Keeping a look at the list of patches for bugs in the CF app, and
looking at the list of open items is what I use now.  Now for this
particular issue my memory has just served me well as it is hard to know
that both are the same issue by looking at the title.  Good thing I
looked at your patch as well.

> At Thu, 26 Apr 2018 21:13:48 +0900, Michael Paquier <michael@paquier.xyz> wrote in
<20180426121348.GA2365@paquier.xyz>
>> On Thu, Apr 26, 2018 at 07:53:04PM +0900, Kyotaro HORIGUCHI wrote:
>>> I think this behavior is a bug. XLogReadRecord is considering the
>>> case but palloc_extended() breaks it. So in the attached, add a
>>> new flag MCXT_ALLOC_NO_PARAMERR to palloc_extended() and
>>> allocate_recordbuf calls it with the new flag. That alone fixes
>>> the problem.

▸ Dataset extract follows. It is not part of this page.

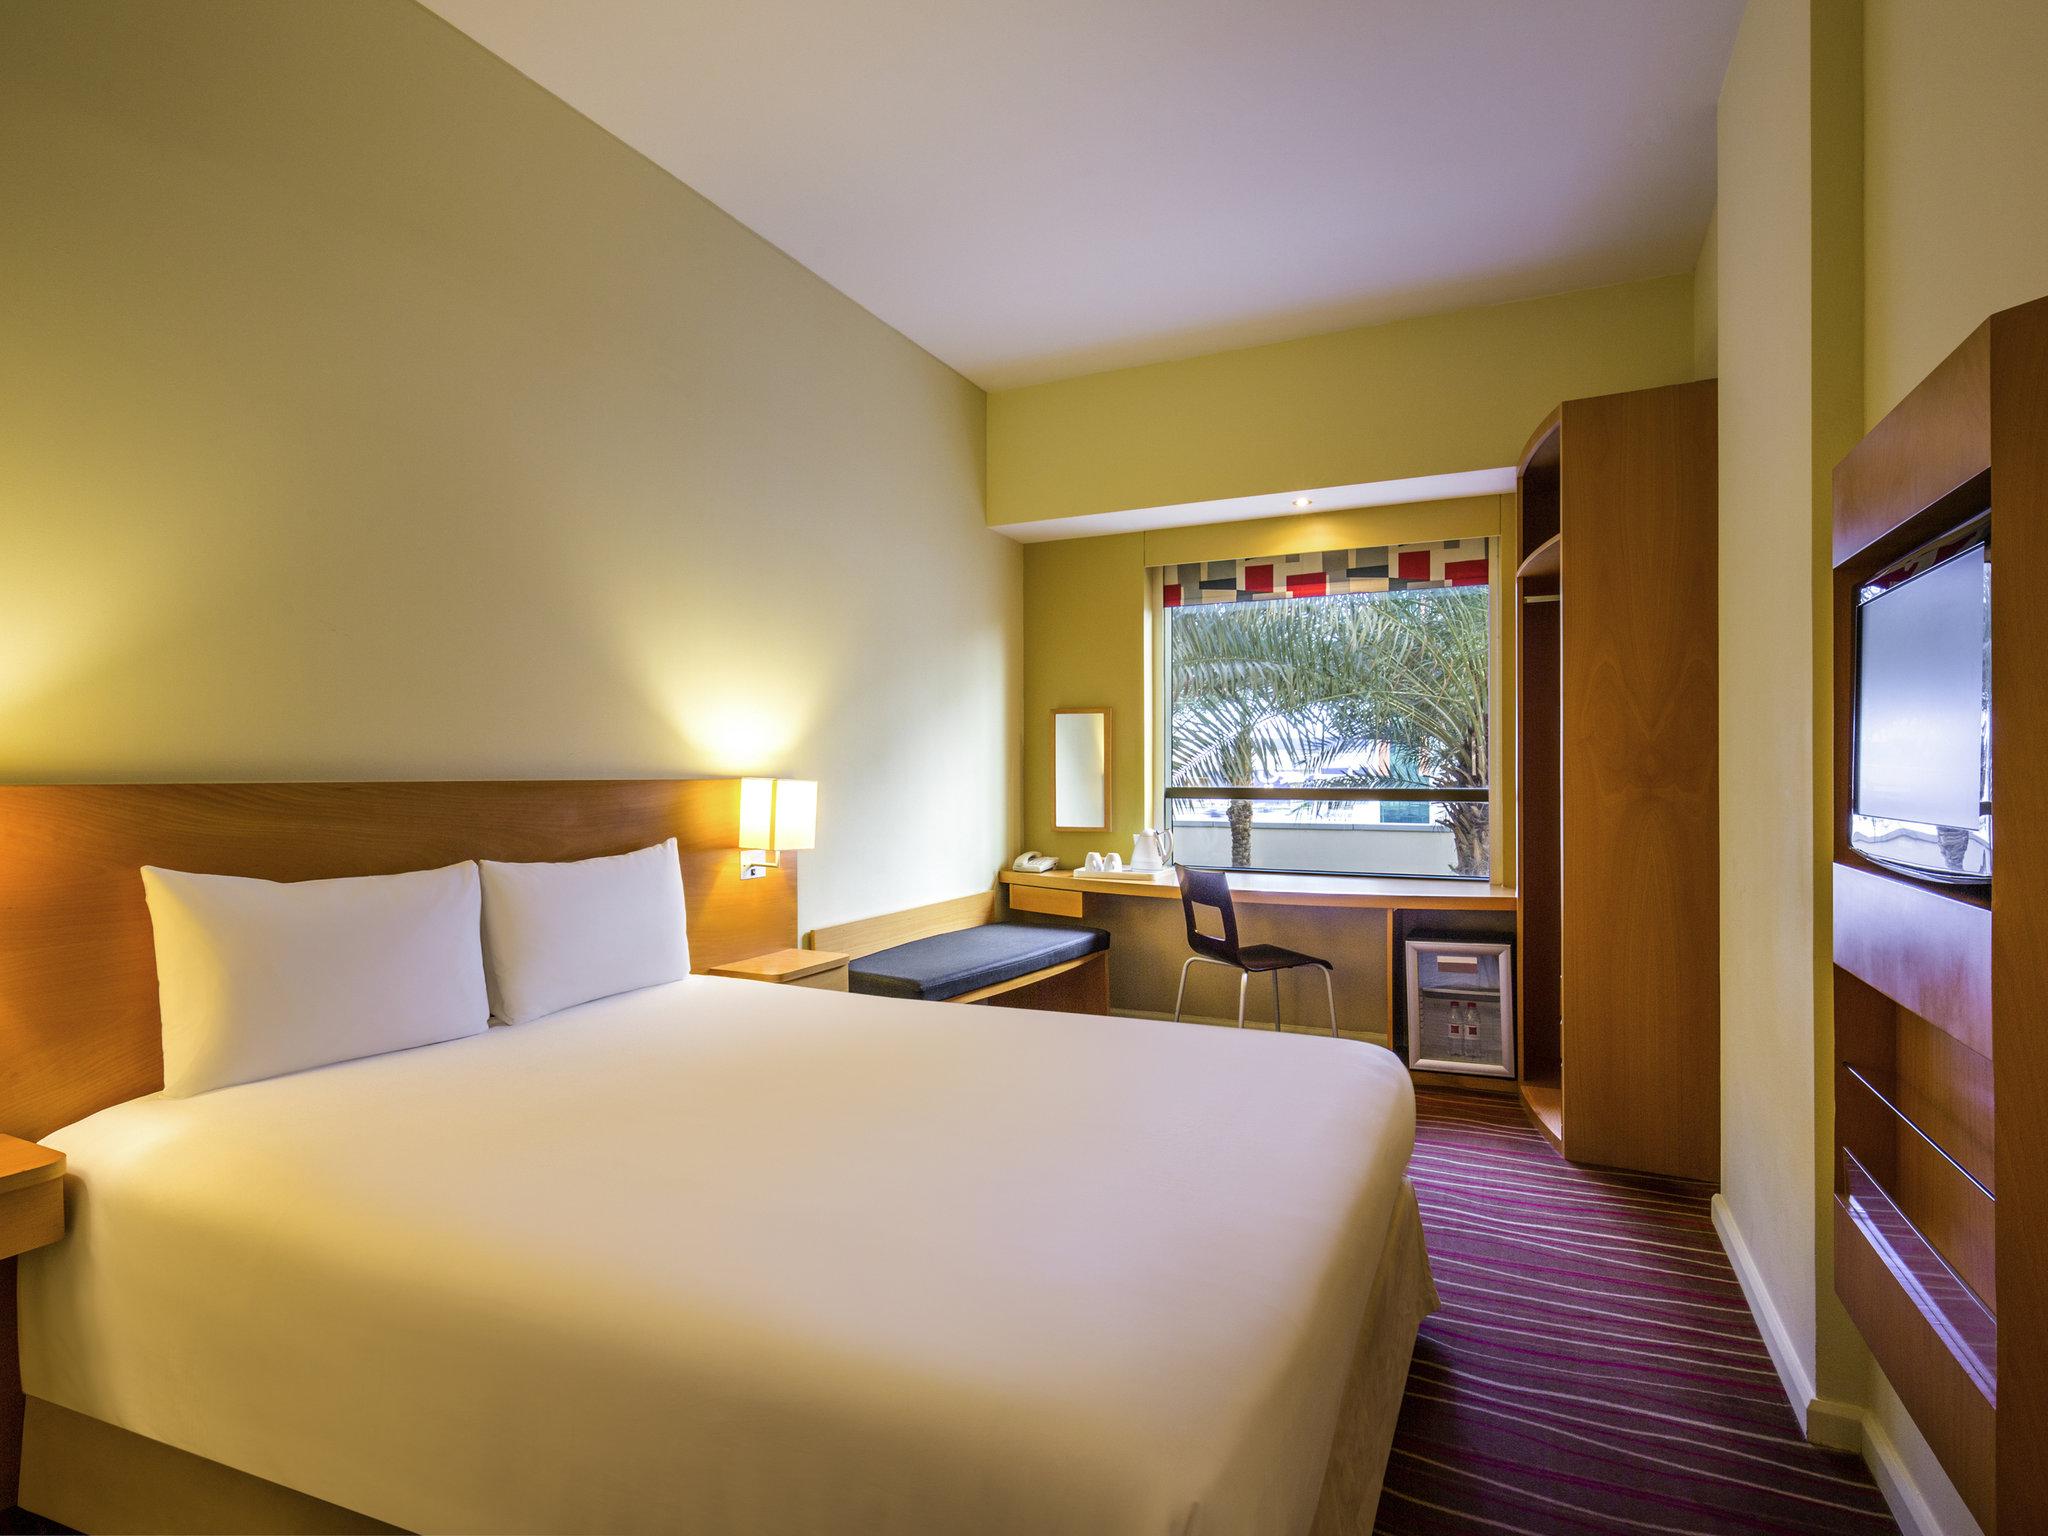 فندق - فندق إيبيس ibis دبي مول الإمارات

However, the patch frees read state buffer facing
>>> errorneous records since such records can leave a too-large
>>> buffer allocated.
>>
>> This problem is already discussed here:
>> https://commitfest.postgresql.org/18/1516/
>>
>> And here is the thread:
>> https://www.postgresql.org/message-id/flat/0A3221C70F24FB45833433255569204D1F8B57AD@G01JPEXMBYT05
>>
>> Tsunakawa-san and I discussed a couple of approaches.  Extending
>> palloc_extended so as an incorrect length does not result in an error is
>> also something that crossed by mind, but the length handling is
>> different on the backend and the frontend, so I discarded the idea you
>> are proposing here and instead relied on a check with AllocSizeIsValid,
>> which gives a more simple patch:
>> https://www.postgresql.org/message-id/20180314052753.GA16179%40paquier.xyz
>
> Yeah, perhaps all approaches in the thread came to my mind but
> choosed different one. I'm fine with the approach in the thread.

Okay, cool.

>> This got no interest from committers yet unfortunately, but I think that
>> this is a real problem which should be back-patched :(
>
> Several other WAL-related fixes are also waiting to be picked up..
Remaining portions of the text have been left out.